Why was the policeman wearing white gloves? In Bulgakov’s symbolic universe of Master and Margarita, the wearers of gloves (notably including Margarita) are usually associated with the demonic force. I will be writing much about this later in this chapter, when I comment on Margarita’s river trip right before the ball.

If the policeman was bona fide, why did the police fail to come to the apartment after his disappearance and start interrogating witnesses and aggressively looking for clues? Who and how learned about the disappearance of the policeman; was it a call to the apartment pretending to be from the police, in which case it must have been the PR wizard Koroviev, like he had done it with Nikanor Ivanovich, which story will follow?
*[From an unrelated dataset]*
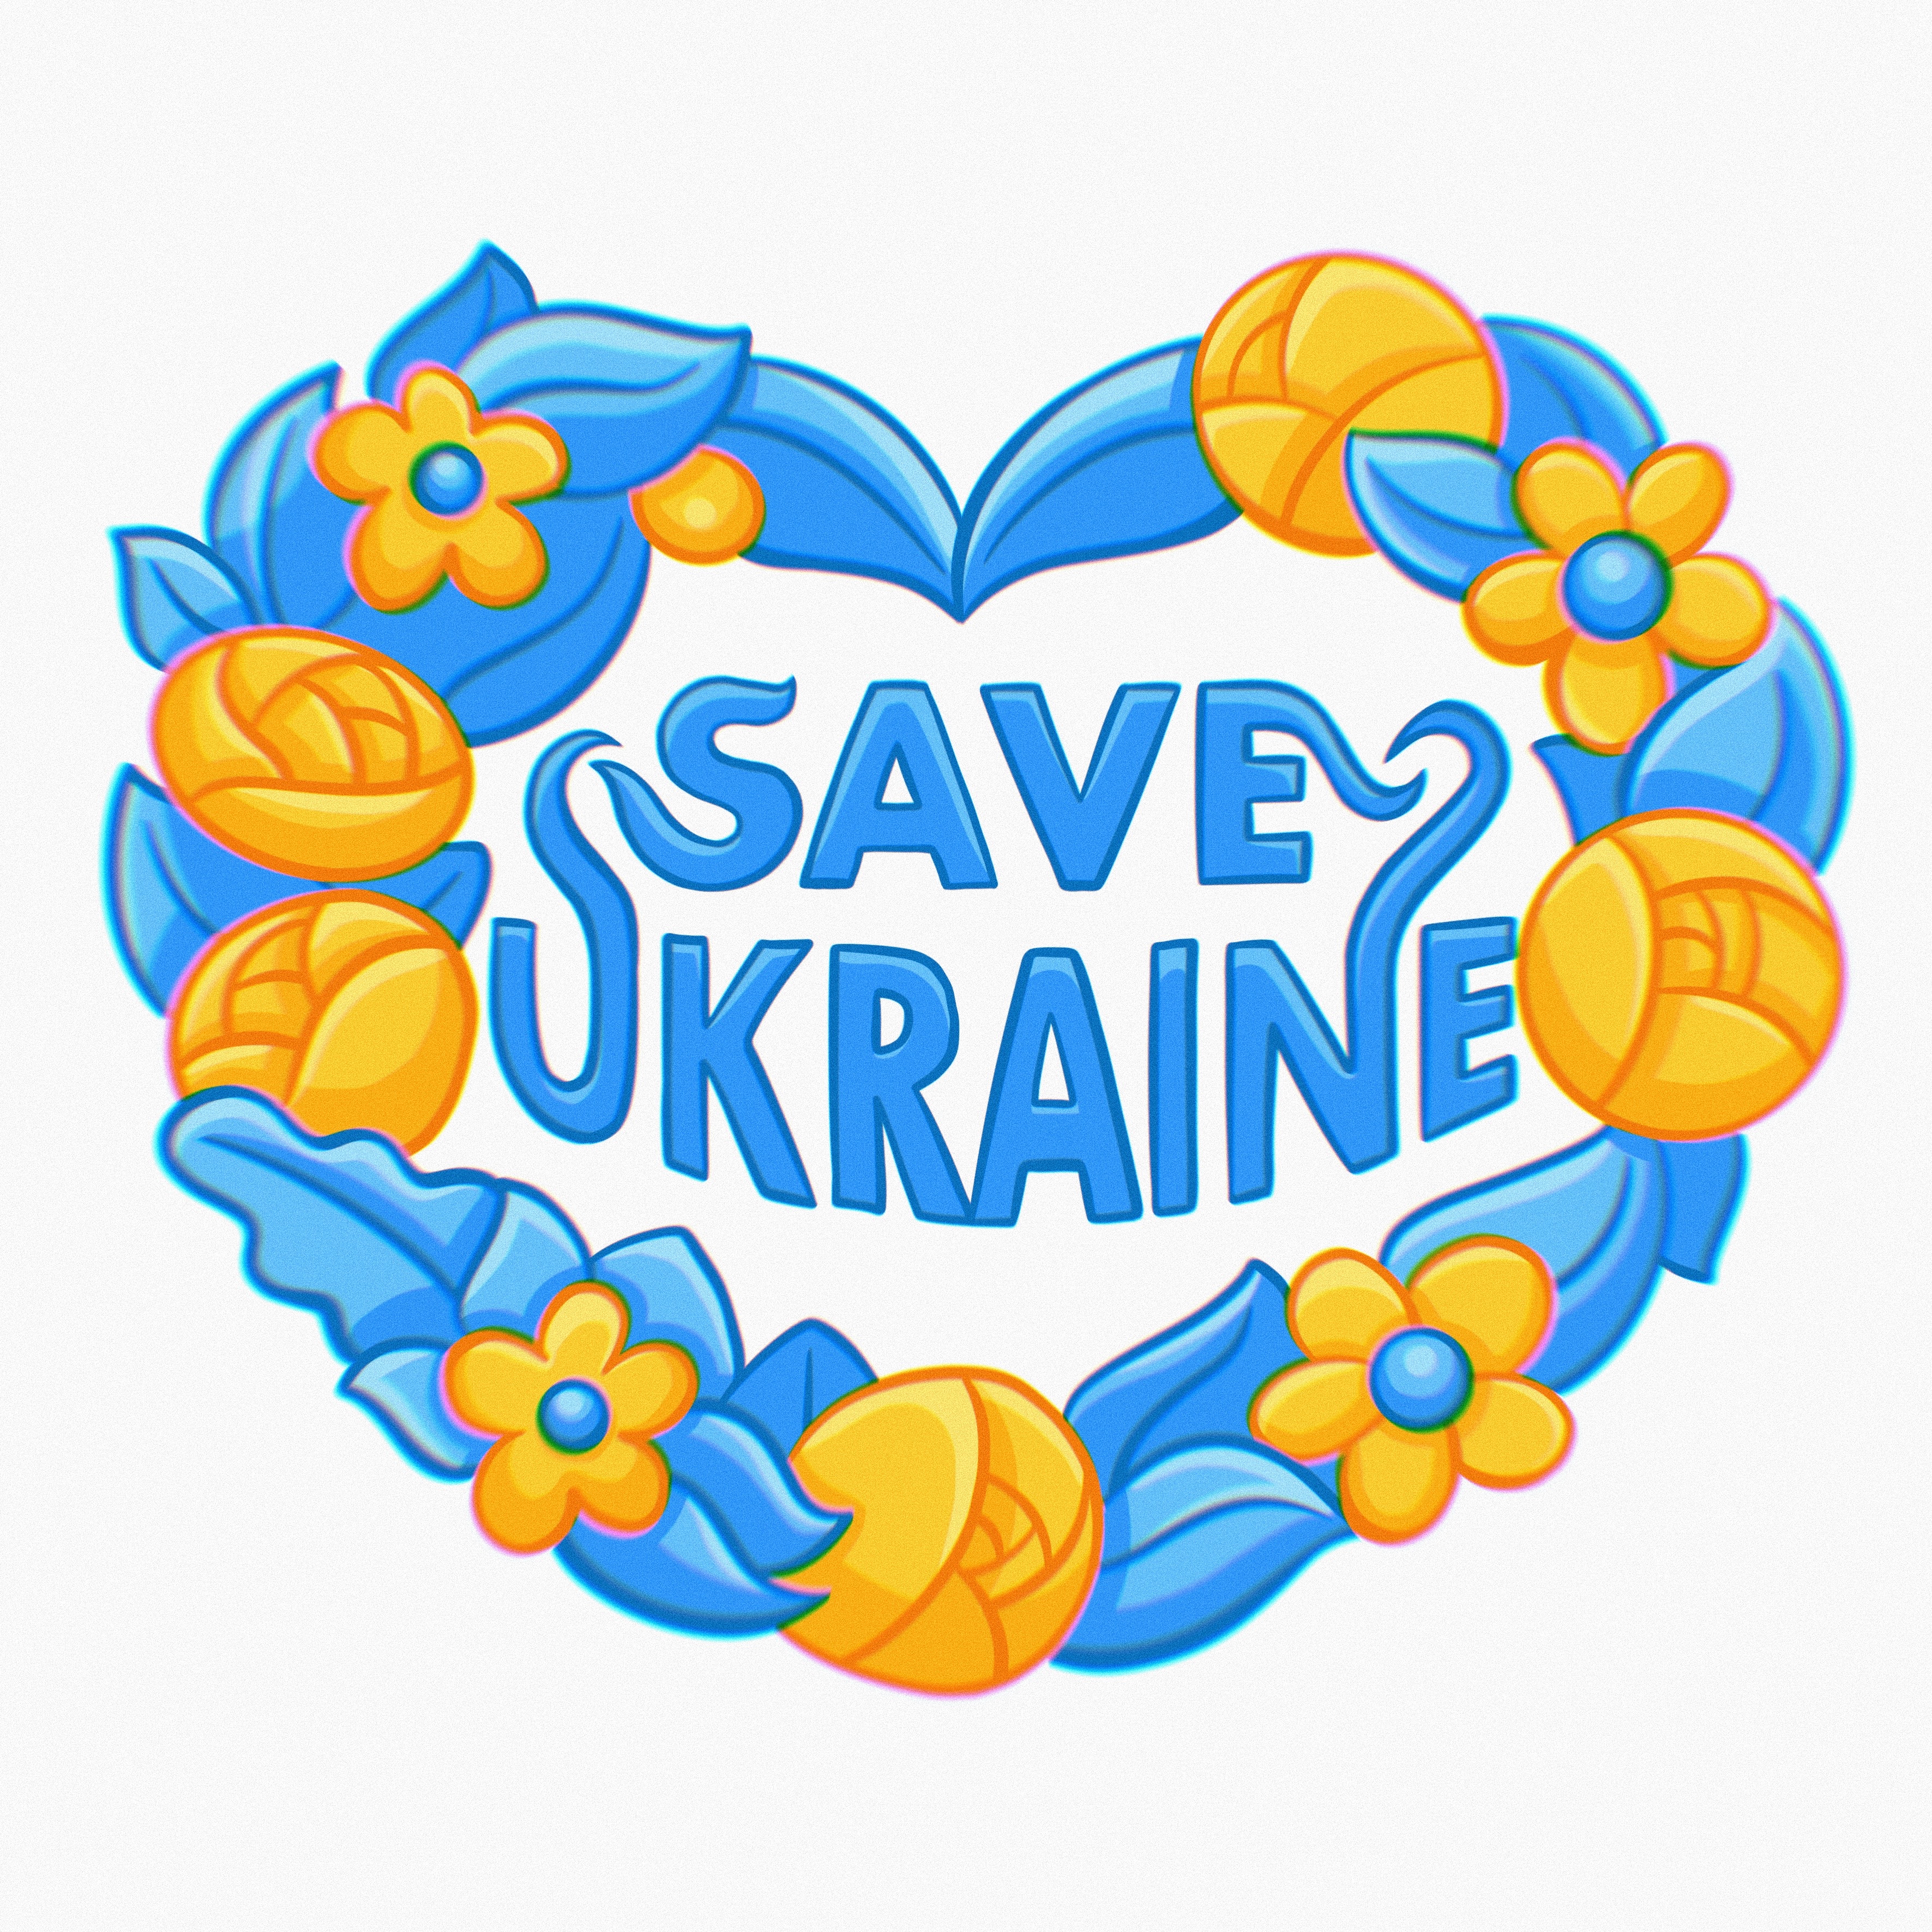 "Save Ukraine" #019: The Wreath

The theme of arrest interested Bulgakov. Two of his protagonists: HaNozri in Pontius Pilate and Master are being arrested, as well as several other characters of Master and Margarita. It comes to the absurd, when as the late Berlioz’s rooms are being sealed, Stepa Likhodeev thinks that Berlioz has been arrested. The same suspicion occurs to Rimsky when Varenukha fails to return to work. It’s just that it does not enter people’s heads that something else can happen to people, something more terrible than an arrest…

Reading the description of arrest happening to Nikanor Ivanovich Bosoy, we can figure out how a “normal” arrest takes place:

---There are always two men who come to make the arrest.
---They introduce themselves and show their IDs.
---If the arrested person lived alone, the room/apartment is sealed up.

Bulgakov does not tell us whether the arresting duo showed their ID’s to Bosoy’s wife, but it is reasonable to suppose that they did. As for Bosoy, he had to ask for the men’s ID’s, which they dutifully produced. It shows that having indeed shown their documents to the wife, they simply put them away, considering this procedure completed, but when asked by the husband they naturally complied, thus fulfilling the standard requirement.

As we know, Bosoy was ratted on by none other than Koroviev, who introduced himself on the phone to the police as a certain Timofey Kondratyevich Kvastsov, tenant of Apartment #11 and a known snitch. As soon as Bosoy is arrested, comes Kvastsov’s turn.

“…an unknown citizen appeared, who summoned Kvastsov [out of the kitchen] with his finger into the hall and told him something, after which they together disappeared.”

Another arrest is of special interest to us, in view of our theatre macabre. The ‘arrested’ is second deputy to the arrested Bosoy. And previously, Bulgakov tells us what happened to the director’s first deputy: “…and with the departing group left a confused and depressed secretary of the building administration Prolezhnev”

So, how does the second deputy fare?

“And then a certain citizen entered the room. On seeing the newcomer, the man at the table grew pale.
Member of the Board Pyatnazhko?’ asked the newcomer.
Me,’ answered the other barely audibly.
The newcomer whispered something to the man sitting at the desk, and totally upset, the other rose from his chair, and in a few seconds Poplavsky [the uncle from Kiev of the deceased Berlioz] was left all by himself in the empty room.”

And naturally Poplavsky has no doubt that Pyatnazhko has just been “swept.”